Like so many wanderers and seekers, the path of his life only makes sense when viewed in reverse. He's been a religious fanatic, film school student, New York City taxi driver, professional surfer, international fashion model, photographer, boxer, filmmaker and now a card-carrying musician. His travels and travails, which must have seemed so disconnected at the time, produced an accumulation of stories and characters that would later be immortalized in song. He'd already lived many lives when, around age 40, his demo tape landed on the desk of eclectic former Talking Heads frontman David Byrne. The last ten years have seen the release of four superb records on Byrne's Luaka Bop label, each one capturing a wide range of sound and emotion, culminating with his latest album, Transnormal Skiperoo.
His biography explains the significance of the phrase: "Transnormal Skiperoo is a name I invented to describe a strange new feeling I've been experiencing after years of feeling lost and alone and cursed. Now, when everything around me begins to shine, when I find myself dancing around in my backyard for no particular reason other than it feels good to be alive, when I get this deep sense of gratitude that I don't need drugs or God or doomed romance to fuel myself through the gauntlet of a normal day, I call that feeling Transnormal Skiperoo." He jokingly told a Philadelphia crowd a few days earlier, "It's good to be happy, but it's hard on my career."
On this rainy Sunday night with a full moon hovering above Raleigh's Berkeley Cafe, Jim White made an emotional connection with the audience. The performance was part concert and part story time, with lengthy introductions before each song full of hilarious, emotional, personal anecdotes. He was accompanied by electric guitarist Patrick Hargon who added transcendentally moody textures and occasional background vocals, along with comic banter reflecting their long hours on the road and sympathetic personalities. The rest of the band consisted of the "Japanese Orchestra" of electronic devices including a drum machine and a loop pedal alongside White's harmonica and melodica.
Jim White by Robin Troward
The show opened with "Plywood Superman," a sad song about "aiming for high places" that you can't quite reach, with looping melodica adding a haunting, plaintive quality. "Now my old daddy, he worked in a factory/ and he used to beat on me with his mind, not his hands/ And though for ten years he's laid in that grave in Birmingham/ to this day I still hear him saying what a useless thing I am." White joked that he starts shows with sad songs and then moves on to downright pitiful. An older tune called "Jailbird" followed: "When I was young I was so hungry for oblivion/ My thoughts would linger like fingers in a deadly web/ But in time, as sorrow showed it's face/ in kind I learned to ache for grace/ To work and pray to one day be delivered whole, alive and free."

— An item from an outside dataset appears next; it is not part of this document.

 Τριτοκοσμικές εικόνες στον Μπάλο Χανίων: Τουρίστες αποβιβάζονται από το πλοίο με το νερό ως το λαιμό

He then lightened the mood with the opening song from the new album titled "A Town Called Amen," asking "Will you lay in the arms of some sweet reverie a while?" These catchy, neo-folk songs have a surface simplicity belied by the complex subject matter and subtle musicality shining through under the facade. By juxtaposing intense lyrics over seemingly simpler sounds, the contrast and impact of both stand out and shine even brighter. Up next was a prime example of his ability to make a deep statement couched in the language of humor and witticisms. "If Jesus Drove a Motor Home" ponders the possibilities of humanity bonding together were Jesus to come to Earth simply to hang out and love on everyone unconditionally.

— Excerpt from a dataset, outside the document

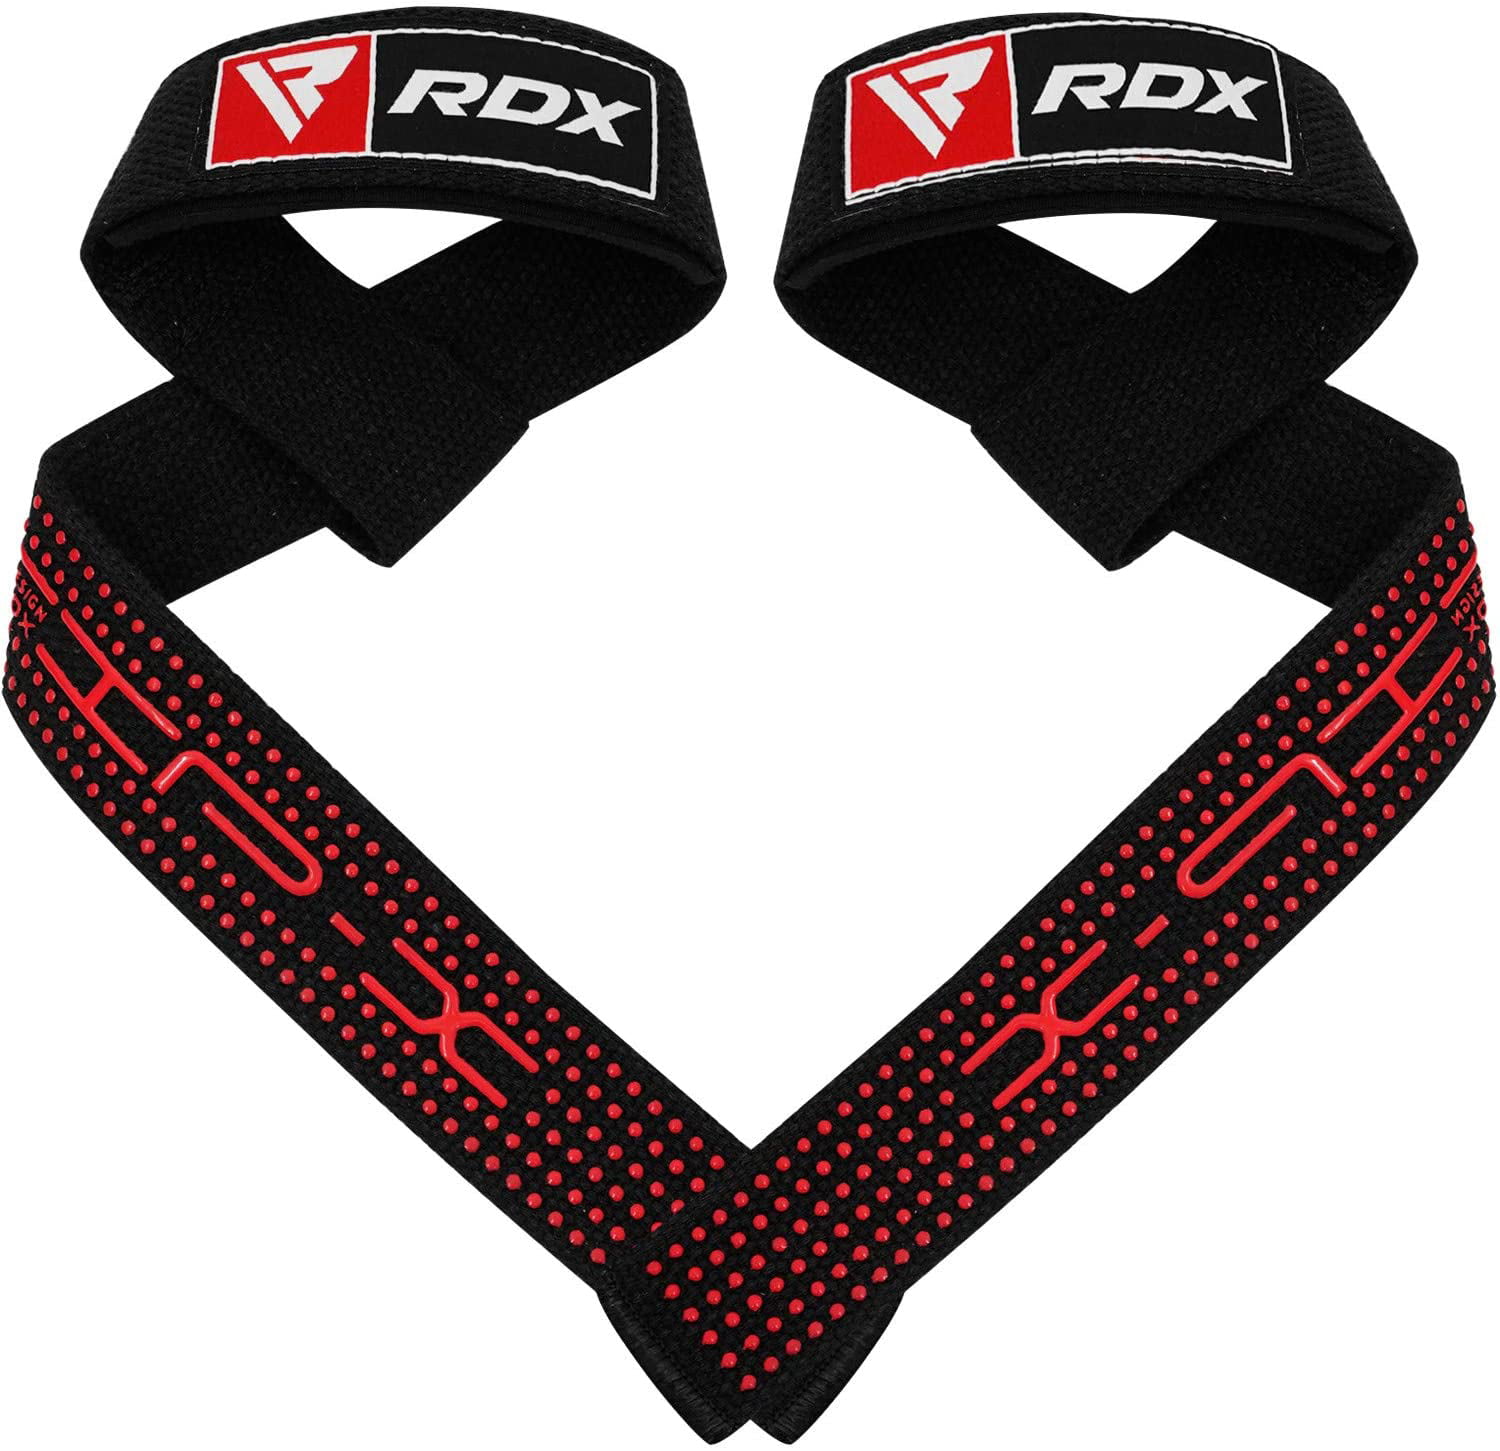 gym wrist straps rdx – Compra gym wrist straps rdx con envío gratis en  AliExpress version

If Jesus drove a motor home
I wonder would he drive pedal to the metal or real slow?
Checking out the stereo
Cassette playing Bob Dylan, motivation tapes
Tricked up Winnebago, with the tie-dye drapes
If Jesus drove a motor home, and he come to your town
Would you try to talk to him?
Would you follow him around?
Honking horns at the drive through
Double parking at the mall
Midnight at the Waffle House
Jesus eating eggs with y'all
Not one to stay in any one mood for too long, the next two songs went back to exploring the sullen side of life. Religion plays a large role in many of Jim White's songs. Growing up in the heavily pious town of Pensacola, Florida, he says the choices were mainly between the churches and the bars. His own journey has taken him from intense belief in religion to vehement protests of the very same mindset. "Take Me Away" is based on the sad tale of a friend who found himself torn between the limitations of the church and the expansiveness of his own mind. Likewise, "Prisoner's Dilemma", the first of three unreleased songs finds death row inmates lamenting about "what the good Lord made me." The bouncy "Turquoise House" juxtaposed happy music with lyrics that ran the gamut from goofy to grave.
Jim White by Robin Troward
"A Perfect Day to Chase Tornados" is a slow, quiet song from his first album that like so many others features his own ruminations alongside the engrossing entanglements of characters that seem all too real. "Stranger Candy," the first of two more unreleased songs, reflected on a person's changing tastes as their life unfolds.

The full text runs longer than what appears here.